Hi all, anyone have any details on the Emirates Accommodation here? Being offered a 3b apartment there and trying to get a feel for the accommodation and local area etc. Grateful for any info/pictures etc. Ive had a look around and can only find limited info. relatively new build etc etc

Many thanks

Paul


----------



## Bigjimbo (Oct 28, 2010)

PaulMcD said:


> Hi all, anyone have any details on the Emirates Accommodation here? Being offered a 3b apartment there and trying to get a feel for the accommodation and local area etc. Grateful for any info/pictures etc. Ive had a look around and can only find limited info. relatively new build etc etc
> 
> Many thanks
> 
> Paul


Hi Paul,

You will have to be a lot more specific as there are numerous buildings known as Emirates accommodation. I live in Garhoud near Irish village and they have 5-6 buildings there. They also have some in Al qusais, and also in Tecom.


----------



## TallyHo (Aug 21, 2011)

It's in the middle of nowhere.

Ok, not quite true.
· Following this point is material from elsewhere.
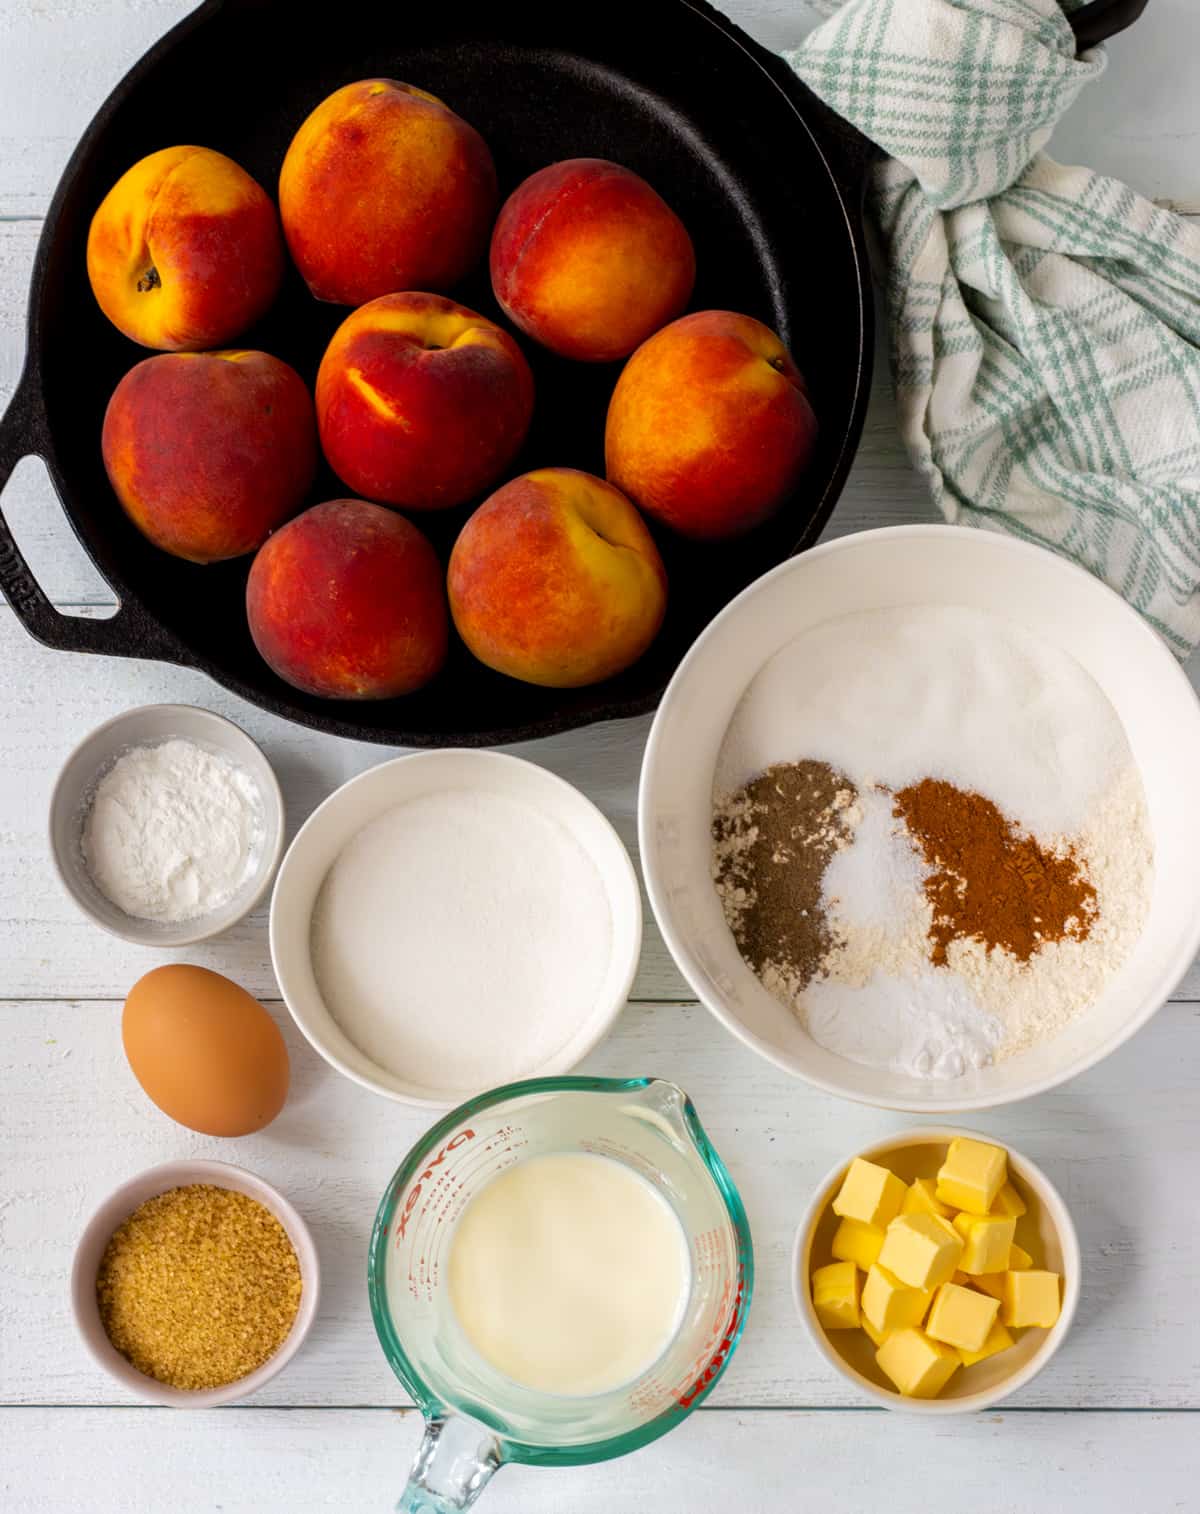 Ingredients for cast iron peach cobbler.

But it is on the clear opposite side of Dubai from where the western expats generally live and about as far as you can get from Dubai Marina without hitting Sharjah).

The bad news, beyond what's already mentioned, is that you will be gobsmacked by the traffic. Every day. 

The good news is that you'll be forced to see the more traditional/lively/characterful parts of Dubai. And there's a halfway decent beach near you.



PaulMcD said:


> Hi all, anyone have any details on the Emirates Accommodation here? Being offered a 3b apartment there and trying to get a feel for the accommodation and local area etc. Grateful for any info/pictures etc. Ive had a look around and can only find limited info. relatively new build etc etc
> 
> Many thanks
> 
> Paul


----------



## Bigjimbo (Oct 28, 2010)

TallyHo said:


> It's in the middle of nowhere.
> 
> Ok, not quite true. But it is on the clear opposite side of Dubai from where the western expats generally live and about as far as you can get from Dubai Marina without hitting Sharjah).
> 
> ...


Just saw the title of this thread....Doh!


----------